Es gibt nicht nur im Buddhismus eine Endzeitlehre,
sondern auch im Judentum, im Christentum und im Islam.
Ob diese Endzeitlehren für virtuell oder real gehalten
werden, ist ziemlich belanglos, sie hatten geschichtlich
konkrete, meist unangenehme Auswirkungen.
Die buddhistische Endzeitlehre entstand nach dem
Ableben des historischen Buddha (Siddharta Gautama) in
Indien. Sie teilt die Zeit nach Buddha in drei Abschnitte
ein. In die Epoche des wahren Gesetzes, die Shôbô – Zeit,
in der die Doktrin und Praxis der Lehre voll gelebt
werden konnten und die angestrebte Erleuchtung möglich
war. Diese Epoche soll je nach Auslegung 500 oder 1000
Jahre lang andauern. In die Epoche des abgeflachten
Gesetzes, die Zôbô- Zeit, in der die Doktrin und Praxis
der Lehre gelebt werden konnten, es aber keine
Erleuchtung mehr gab. Auch diese Epoche sollte 500 oder
1000 Jahre lang andauern und in die Epoche der
Gesetzlosigkeit, der Mappô –Zeit, in der nur noch die
Doktrin gelebt werden könne, die Praxis aber nicht mehr
die gewünschten Ergebnisse bringe und Erleuchtung
nicht mehr möglich sei. Diese Periode solle 10000 Jahre
lang andauern. Danach aber solle der Maytrea Buddha
(japanisch der Miroko Bosatzu) auferstehen und allen
28
Menschen, die bisher die Erleuchtung nicht erreicht
haben, zur Erleuchtung verhelfen.
Dass diese Lehre bis heute Auswirkungen hat, kann am
Friedhof des Koyasan nachempfunden werden, der sich
um das Mausoleum des Kobo Daishi (Kukai) ausdehnt.
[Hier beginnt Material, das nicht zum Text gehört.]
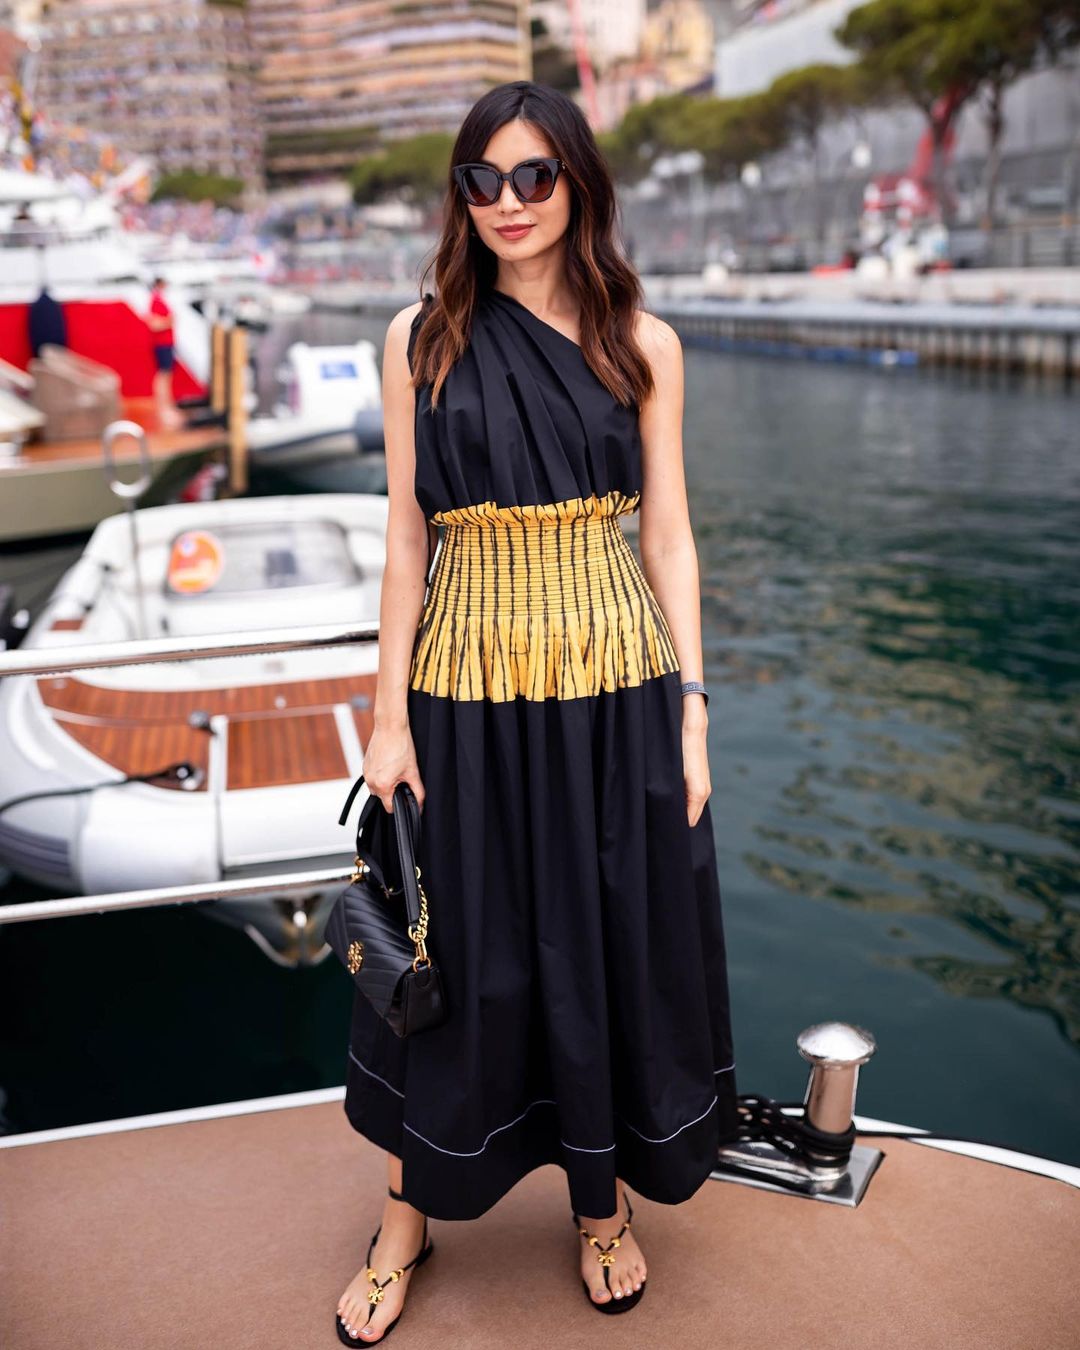 Tory Burch on X: .@gemma_chan wearing our Colorblock Stripe One

Kobo Daishi wurde in Japan als Inkarnation des Miroku
Bosatzu betrachtet. Daher sind alle Japaner, die sich
selber eingestehen, den Zustand der Erleuchtung nicht
erreicht zu haben, bestrebt, neben dem Mausoleum des
Kobo Daishi begraben zu sein. Auf dem Friedhof findet
man nicht nur die Gräber historischer Personen wie Oda
Nobunaga und des Haiku - Dichters Basho, sondern auch
moderner Industriekapitäne, z.B. der des Nissan
Konzerns.
Die buddhistischen Theoretiker der Endzeitlehre hatten
den Beginn der Mappô –Zeit auf das Jahr 1052 datiert.
Dieses Datum fällt mit dem Beginn der Machtkämpfe
zwischen der Fujiwara- und der Taira – Familie überein.
Das Volk schrie wieder: „Es ist Mappô -Zeit“, auch später
schrie es so.
Die Endzeitlehre macht die Ausübung des Buddhismus in
der Mappô –Zeit zu einer Sinnlosigkeit. Die Aufgabe der
Theologen bestand darin, die Sinnlosigkeit zu beseitigen.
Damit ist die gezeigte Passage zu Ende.